To configure the start date for sending notifications, edit the header or text of the notification about an expiring license:

1. In the main window of the application web interface, open the management console tree and select the Settings section and Notifications subsection.
2. In the License expires soon section, click any link to open the Notification settings window.
3. In the Subject field, type the header of the expiring license notification.
4. In the Message field, type the text of the expiring license notification.
5. In the Send notification list, specify the number of days until license expiry that you want to start receiving the notification.
6. Click the Save button.

   The Notification settings window closes.

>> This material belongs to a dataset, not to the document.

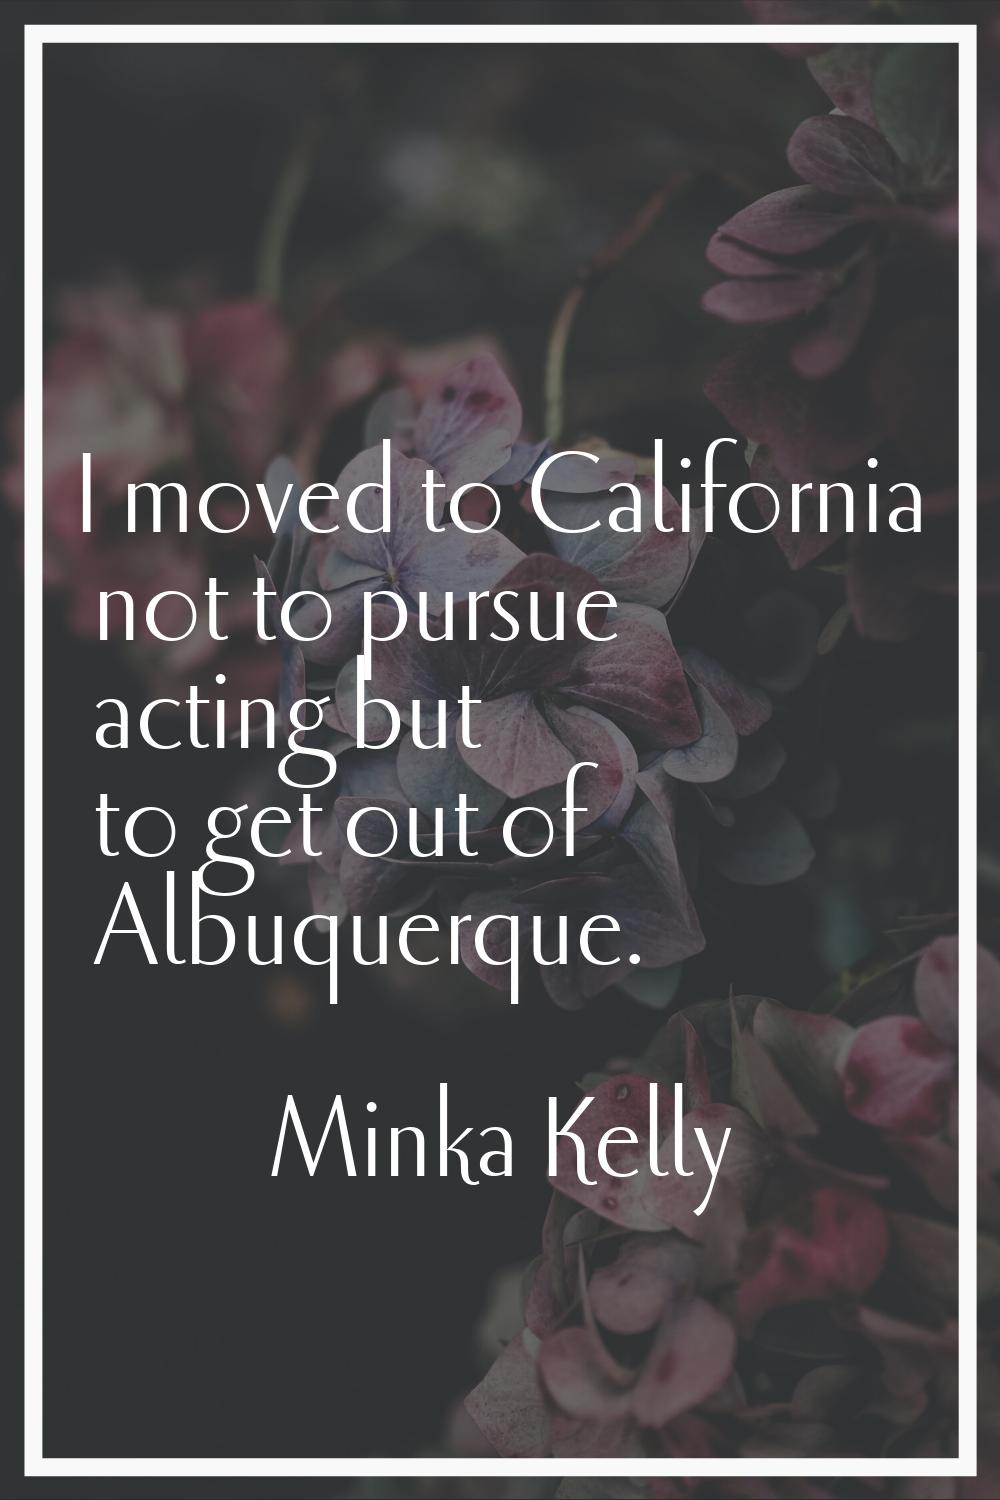 I moved to California not to pursue acting but to get out of Albuquerque.

To enable or disable delivery of license expiration notifications:

1. In the main window of the application web interface, open the management console tree and select the Settings section and Notifications subsection.
2. In the License expires soon section, do one of the following:
   • Flip on the toggle switch next to the name of the License expires soon group of settings if you want to enable delivery of license expiration notifications.
   • Flip off the toggle switch next to the name of the License expires soon group of settings if you want to disable delivery of license expiration notifications.

If an additional key is installed in the application, the notification is not sent. After the expiry of the active key, the additional key automatically becomes active.

If the additional key validity period expires before the application is configured to start sending notifications, the first notification is sent at the time when the active key is replaced with the additional key.